4. Pricing : Prices detailed in this document are not binding until this Agreement is signed by an authorized representative of The Company.
5. Shipment : Prices do not include shipping. Unless The Customer has provided a suitable shipping account, The Customer will be billed for all shipments. Shipment of proofs is by Overnight service and shipment of final product is by ground service unless otherwise specified by The Customer. The Company is not responsible for loss, damage, or delay once any product has left our premises. Shipments are insured automatically up to a maximum of $100 per box. Additional insurance is available at The Customer’s request. Please inquire for information and cost.
6. Payment Terms : All orders must be paid as detailed under Payment Schedule. Payments are accepted by Credit Card, Company Check, Money Order, Cash, and Certified Check; Accounts that remain unpaid thirty (30) days after the date of the invoice will be assessed a service charge in the amount of one and one-half percent (1.5%) per month of the total amount due. For all customers with established credit terms, a signed Purchase Order must be received prior to project commencement. Service charges apply to all credit accounts that are not paid according to the established terms.

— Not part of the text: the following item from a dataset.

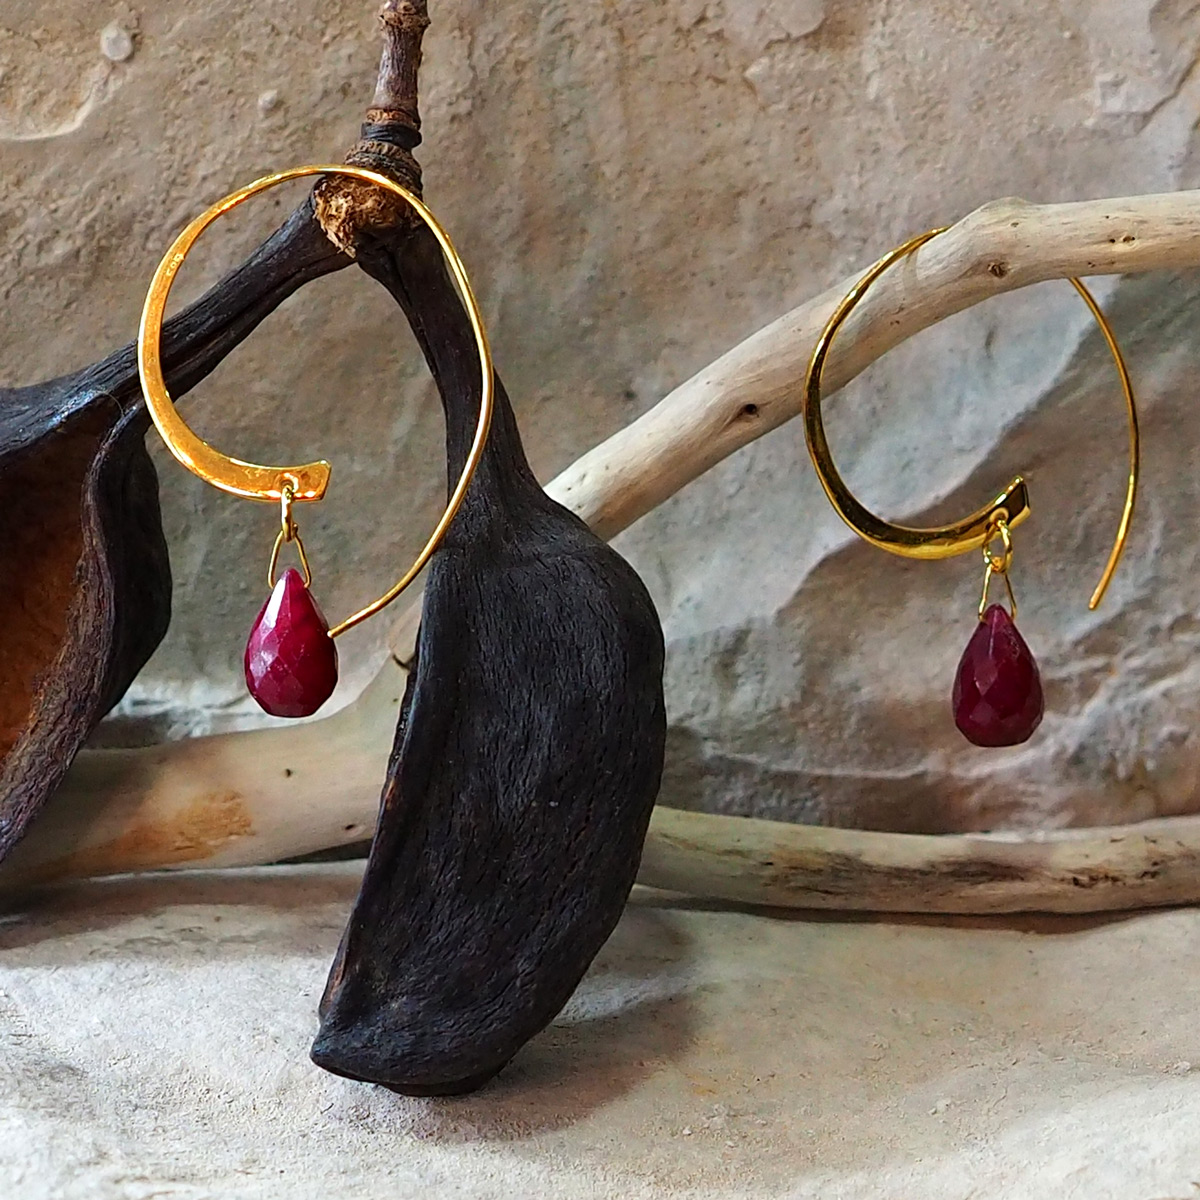 Dangle Ruby Earrings, Gemstone Beaded Hoop Earrings With Tiny Red Stones,  Gold Filled Earrings With Birthstone, Geometric Statement Earrings - Etsy |  Etsy earrings, Geometric statement earrings, Gemstone earrings dangle
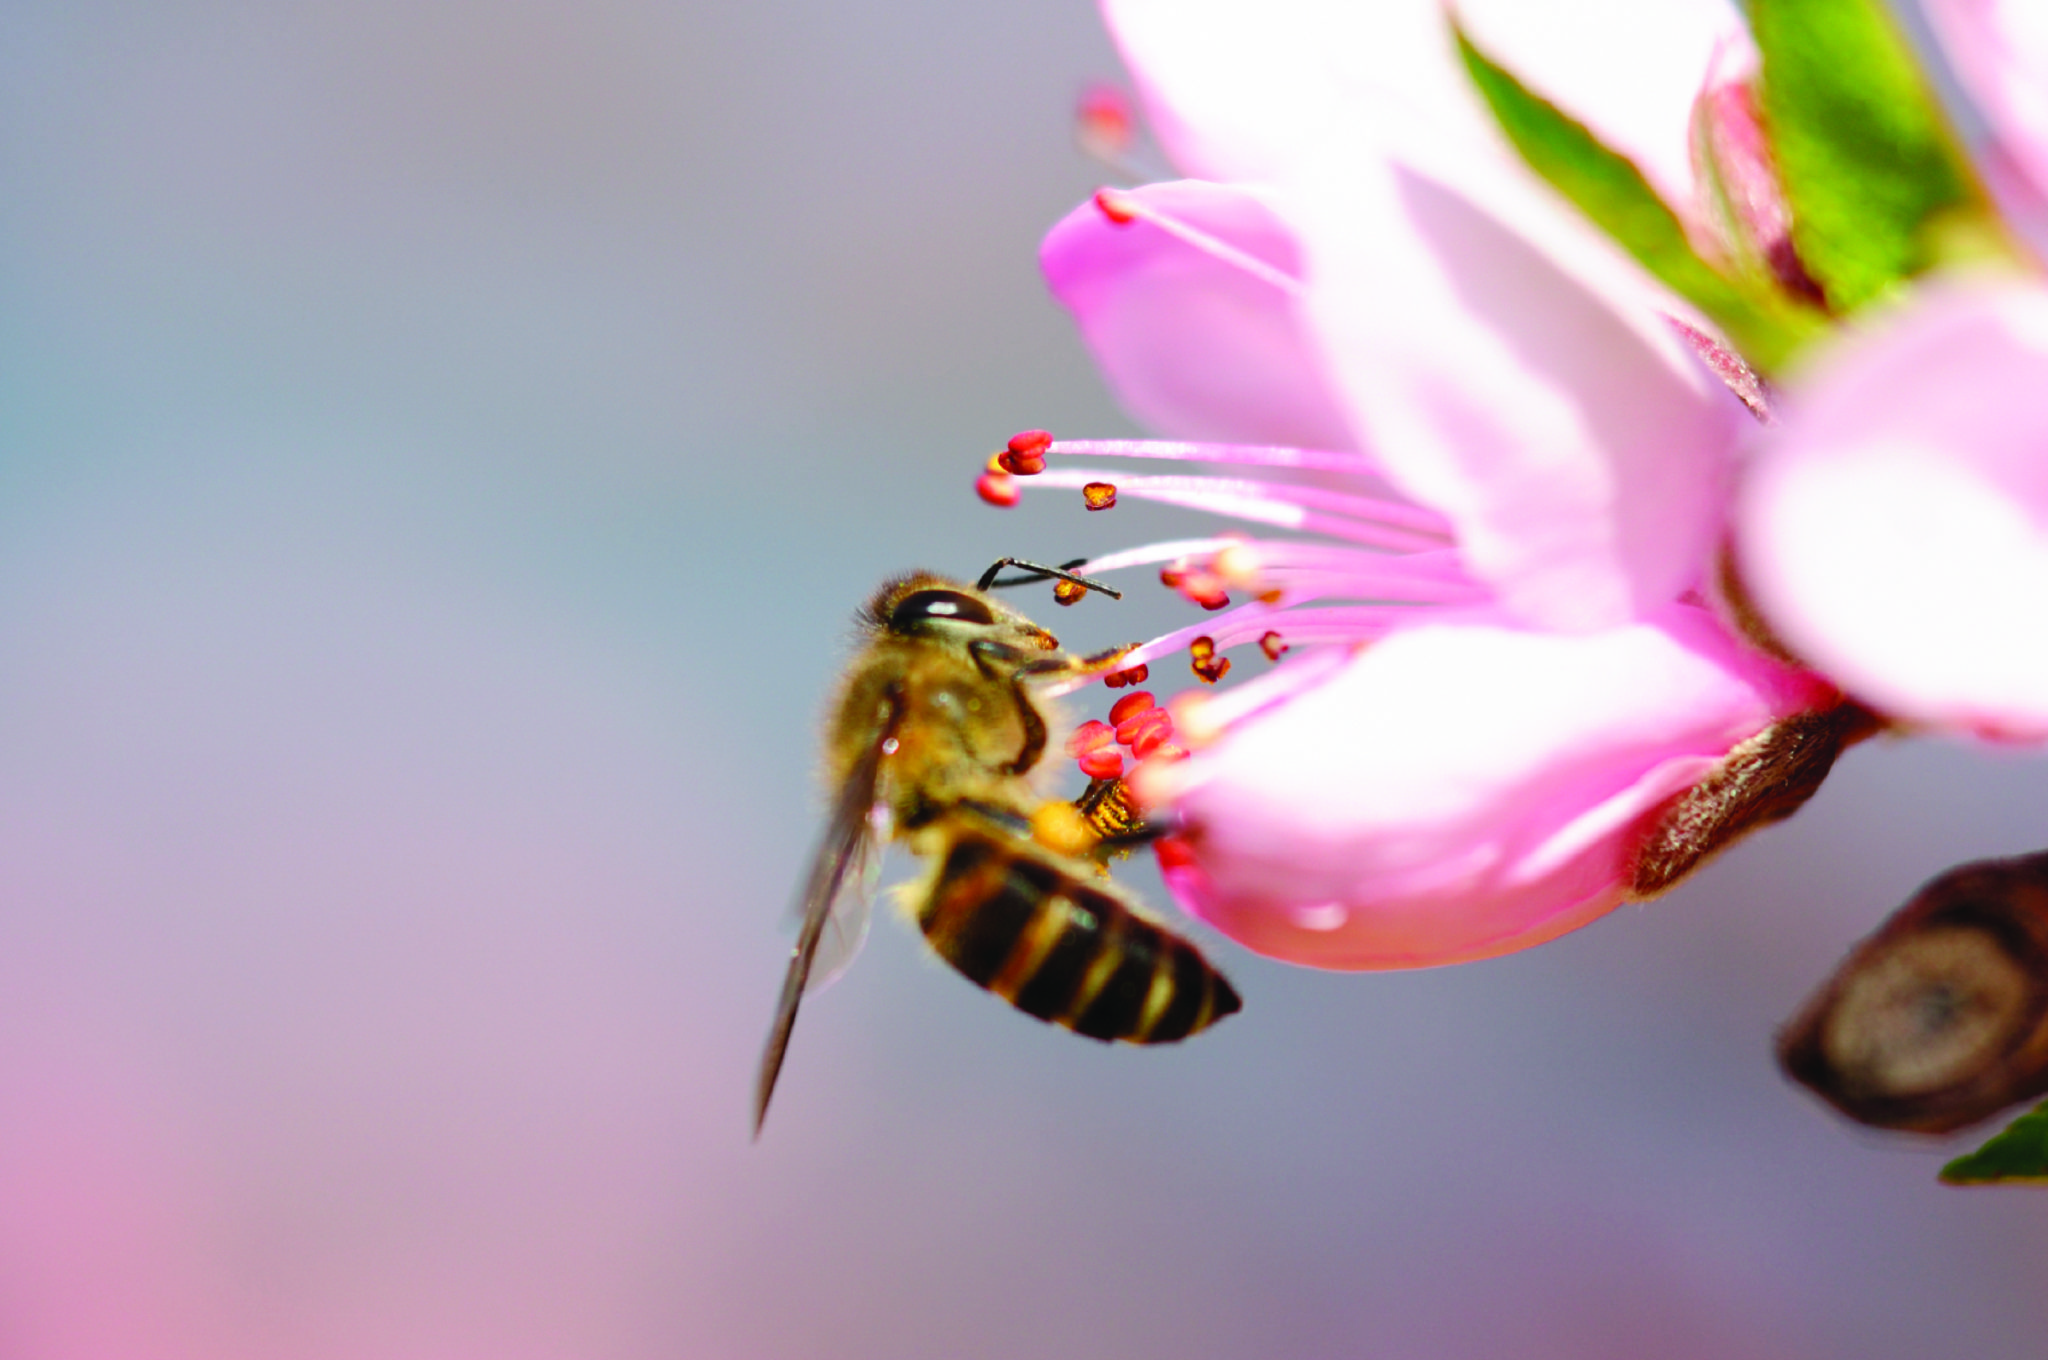 A honeybee approaching a peach blossom

7. Payment Schedule : For customers paying by Credit Card, Company Check, Money Order, Certified Check, Cash, a deposit of 35% of the project total is required prior to project commencement. An additional payment of 40% is required on approval of the project master with the final balance due before shipment of final product. Orders will not ship until final payment has been received. For customers with established credit terms and paying with a Purchase Order, 50% of the project total must be remitted within 30 days of the initial invoice, with the balance paid within 30 days of project completion, unless otherwise established with The Customer in advance of placing the order and fully approved by The Company.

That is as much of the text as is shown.